## Task directions
Return only the lines of the data below from the line with "Digital Goods &" up to and including the line with "Front & back", exactly as written, with the pictures omitted.

## Given records
Start of Block
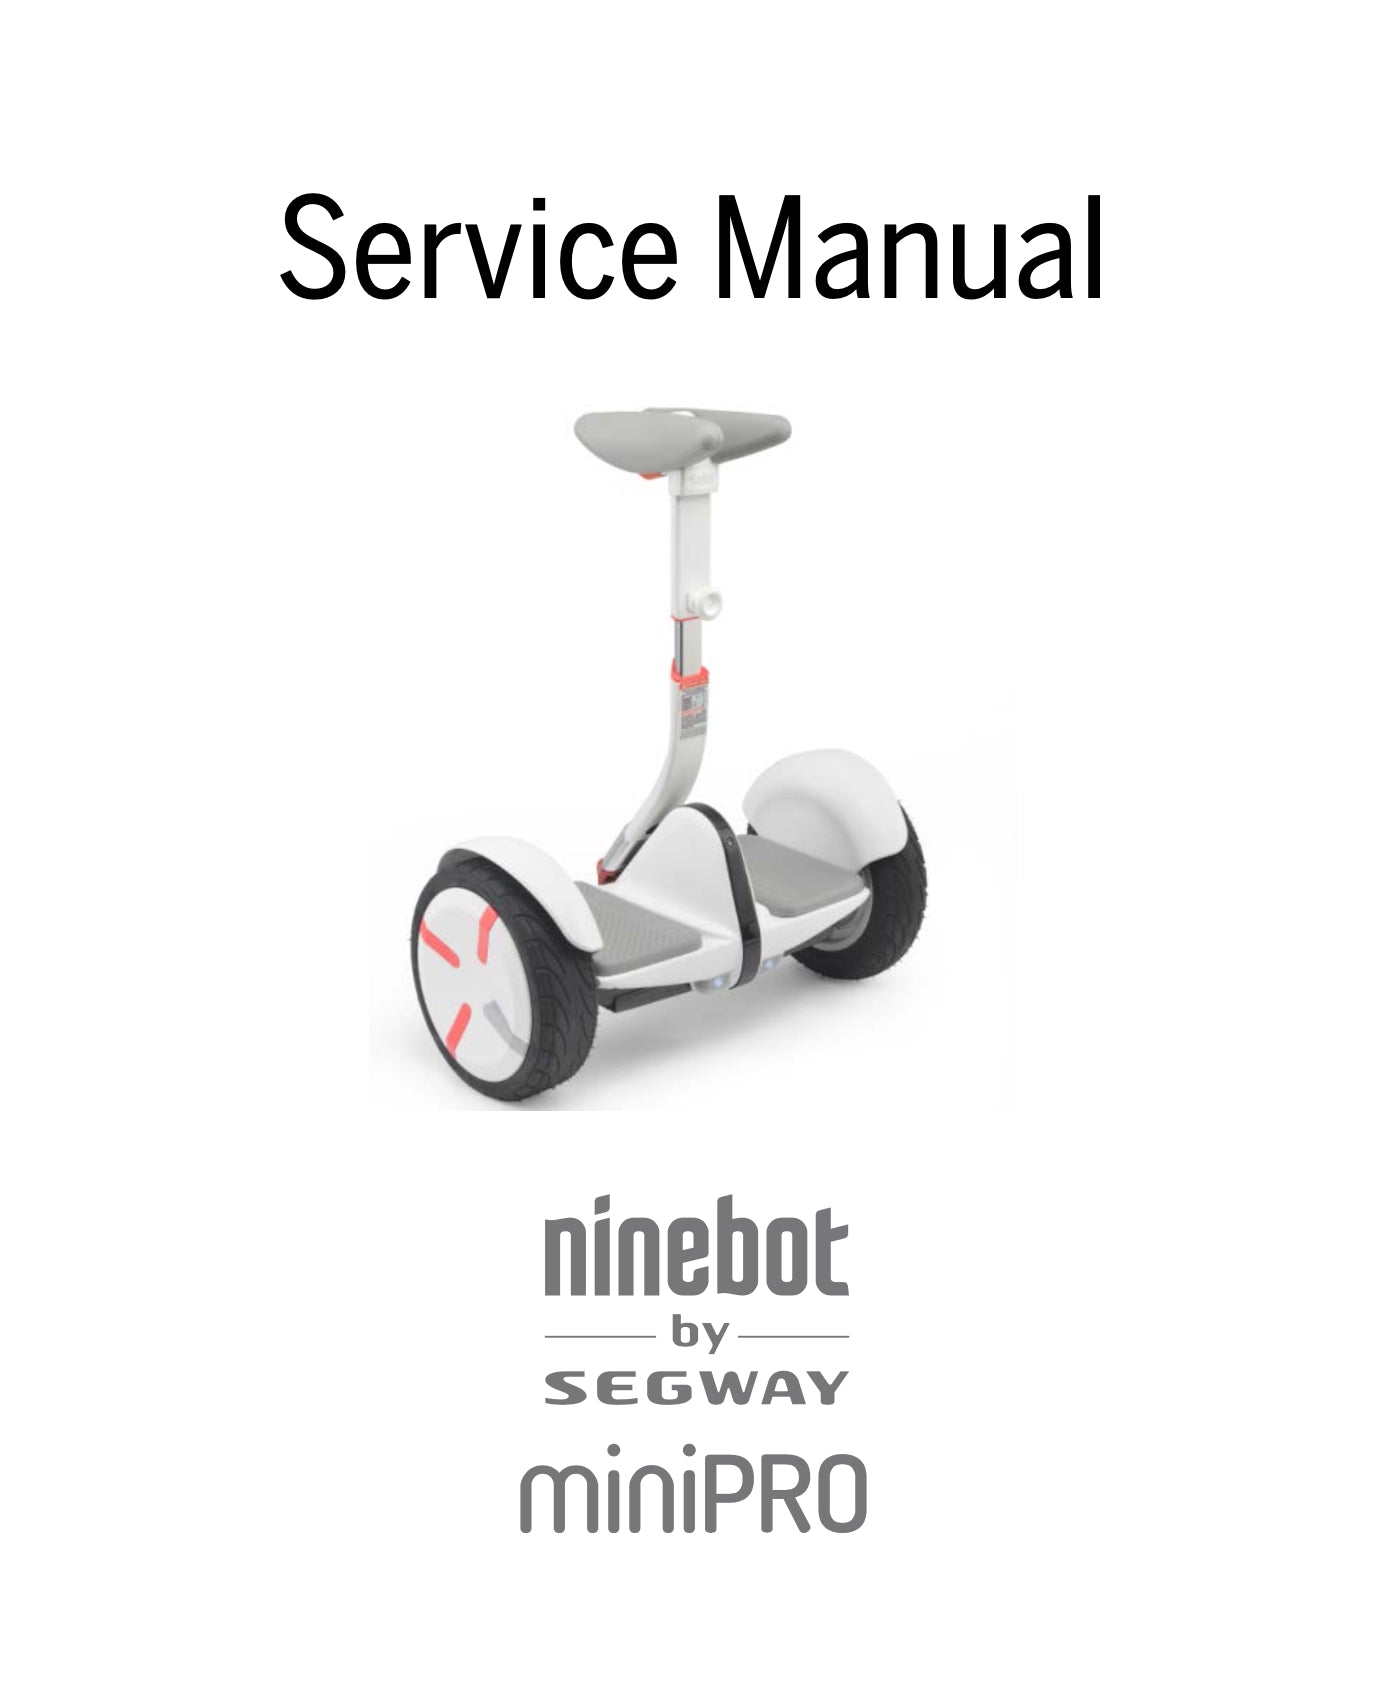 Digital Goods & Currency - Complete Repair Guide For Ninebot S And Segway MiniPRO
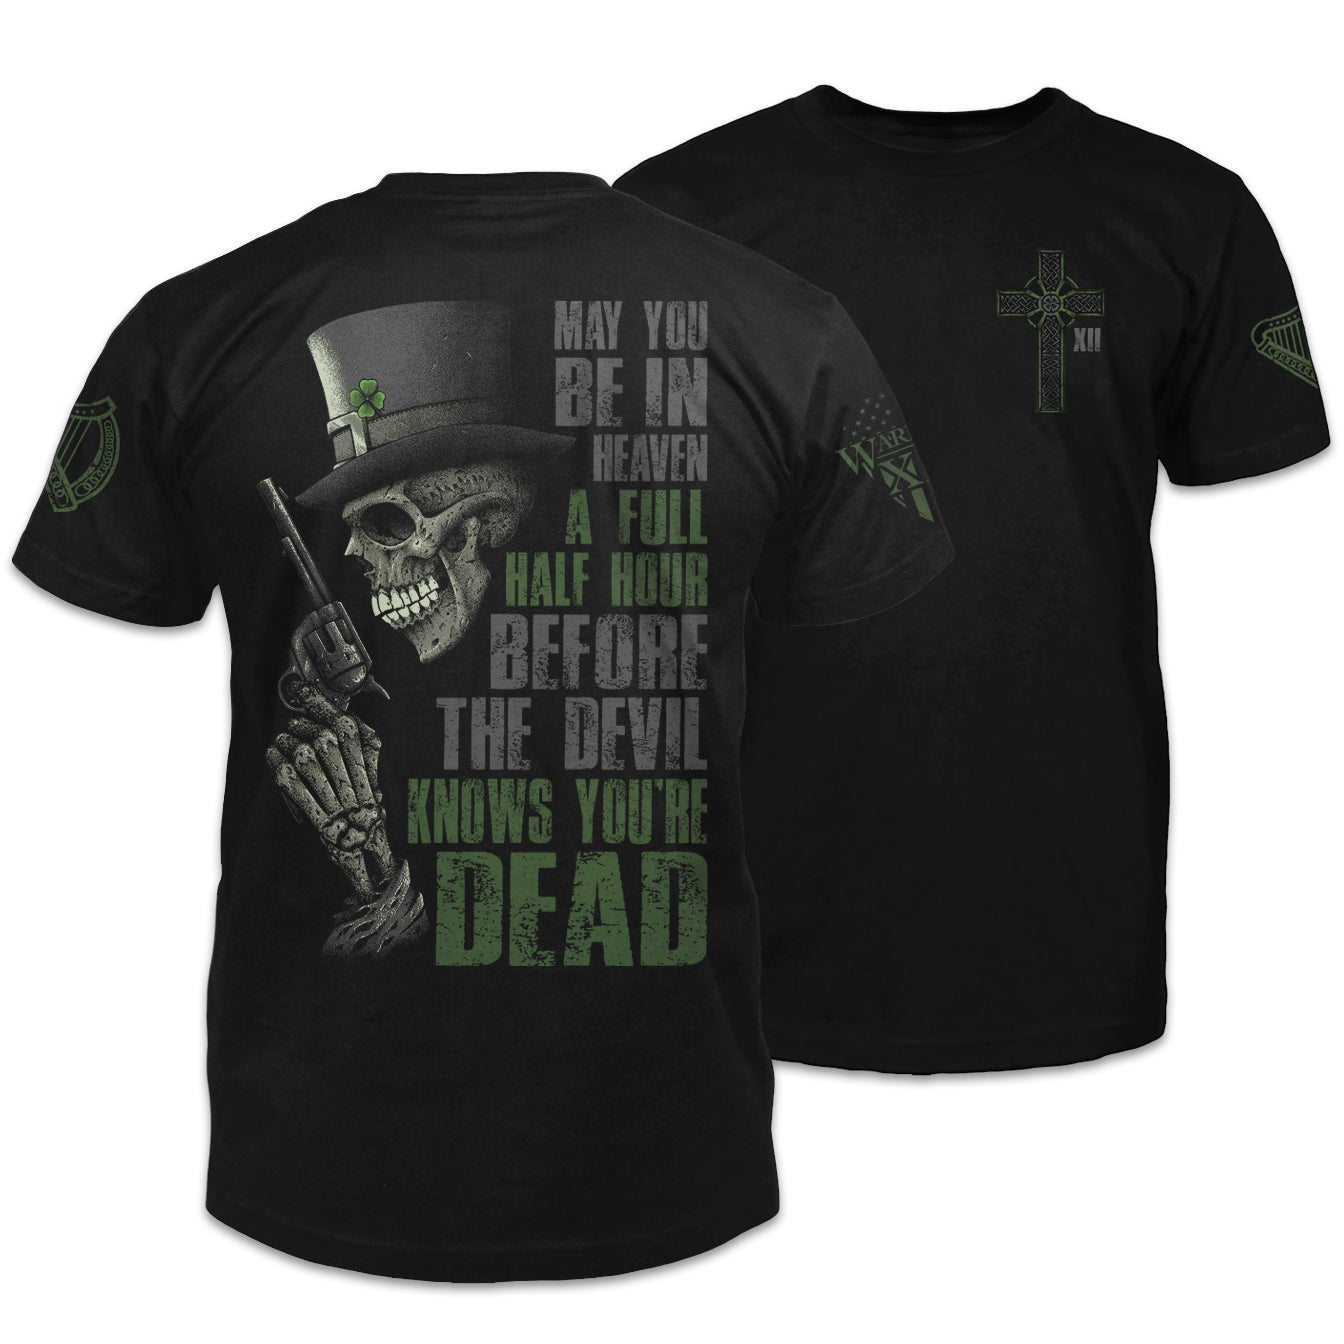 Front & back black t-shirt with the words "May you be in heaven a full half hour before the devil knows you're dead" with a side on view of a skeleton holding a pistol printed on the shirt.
End of Block
Start of Block
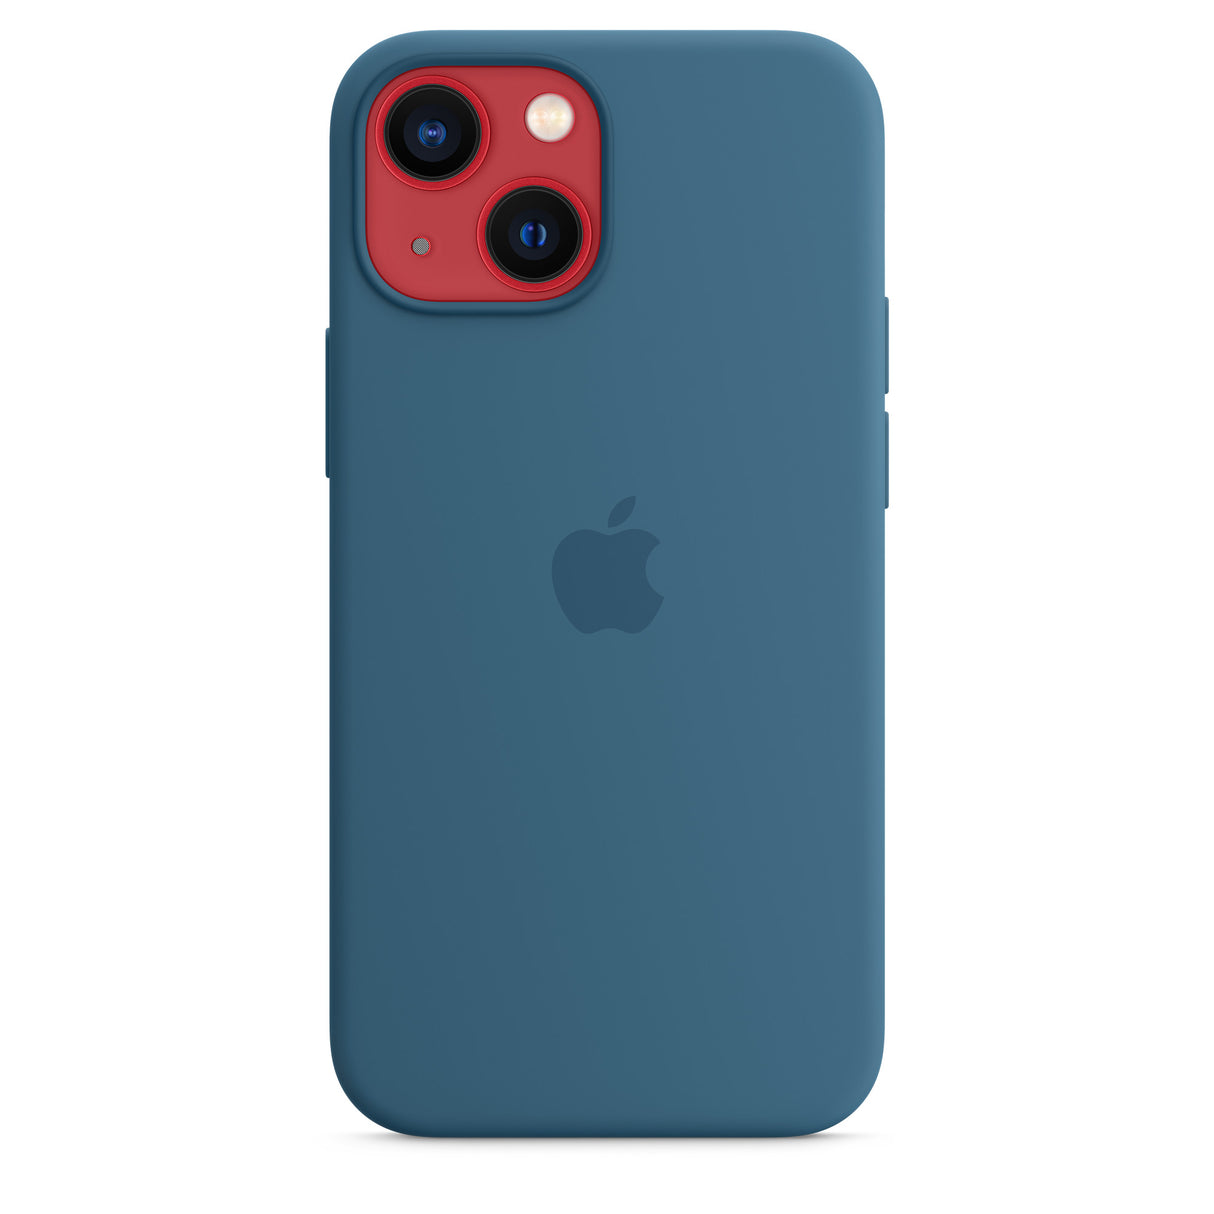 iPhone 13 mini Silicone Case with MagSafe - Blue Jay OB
End of Block
Start of Block
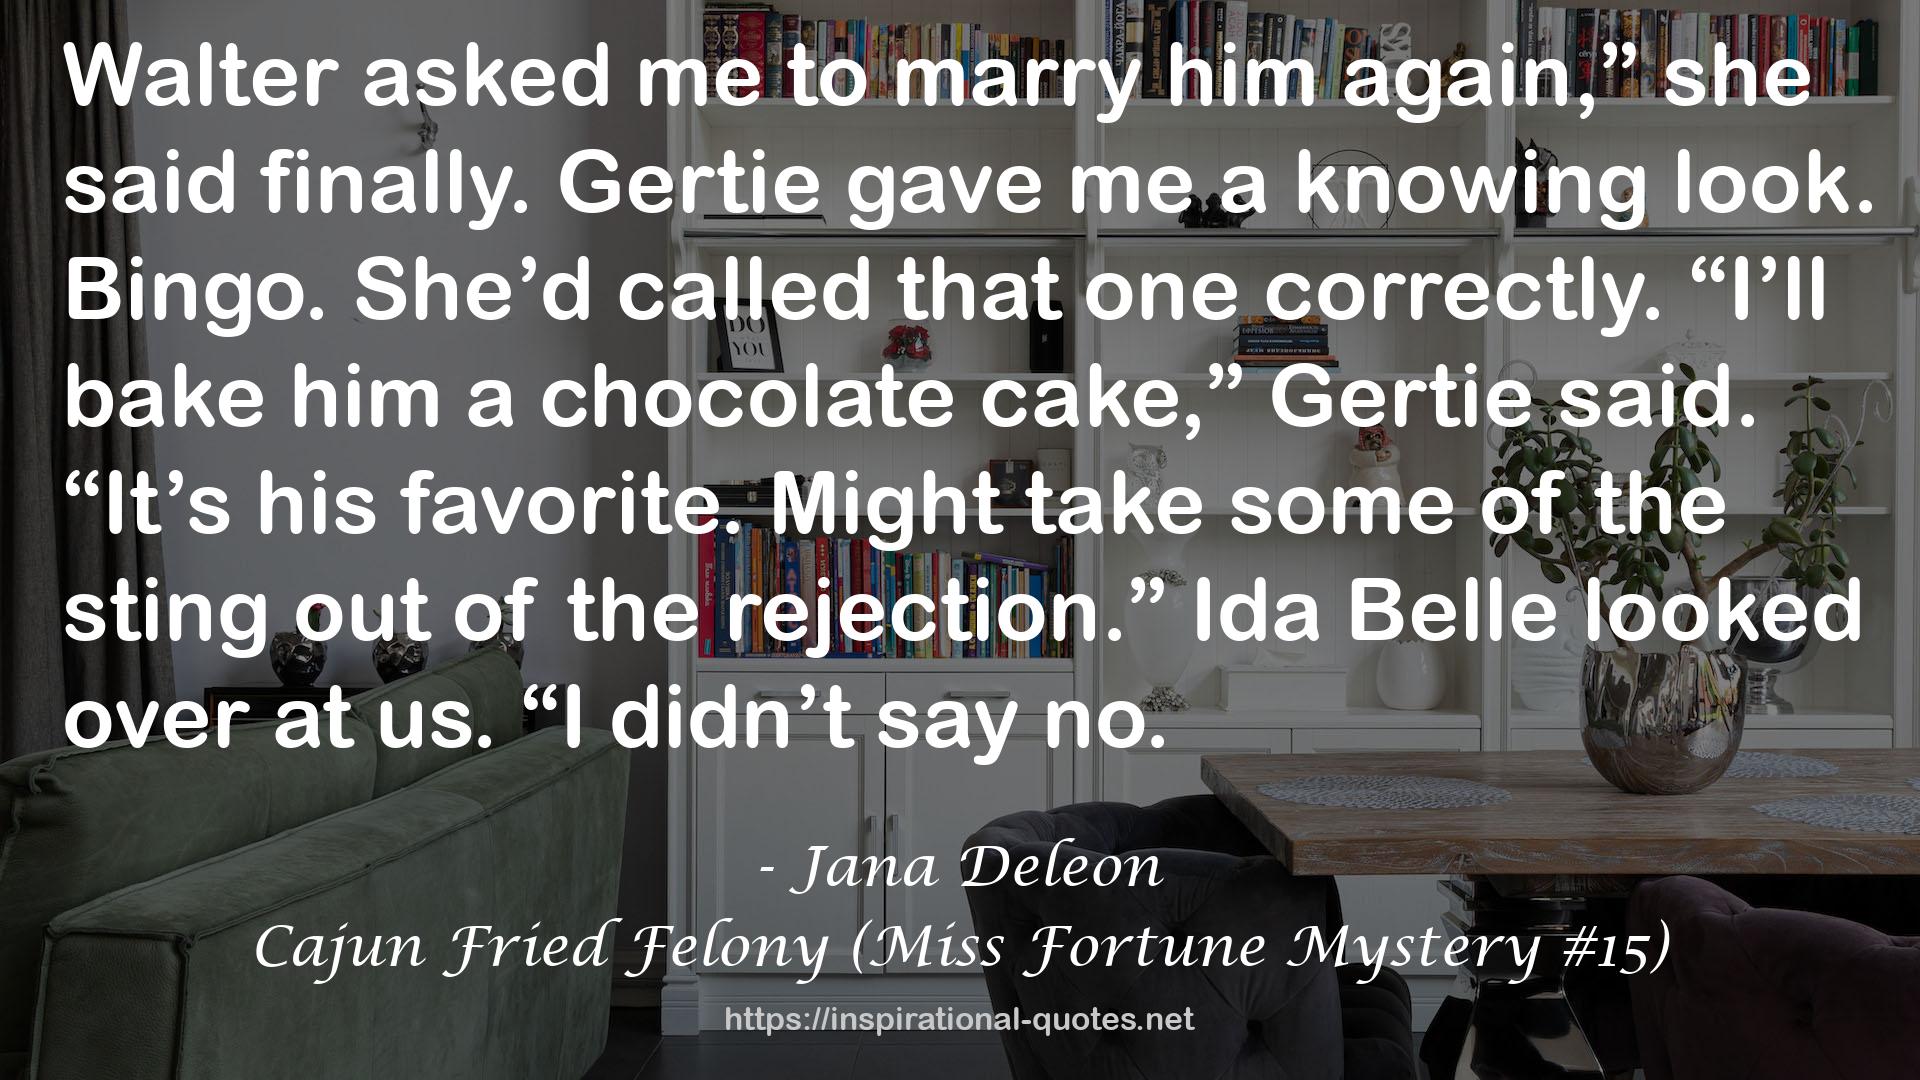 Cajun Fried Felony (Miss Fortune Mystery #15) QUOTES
End of Block
## Your response
 Digital Goods & Currency - Complete Repair Guide For Ninebot S And Segway MiniPRO
 Front & back black t-shirt with the words "May you be in heaven a full half hour before the devil knows you're dead" with a side on view of a skeleton holding a pistol printed on the shirt.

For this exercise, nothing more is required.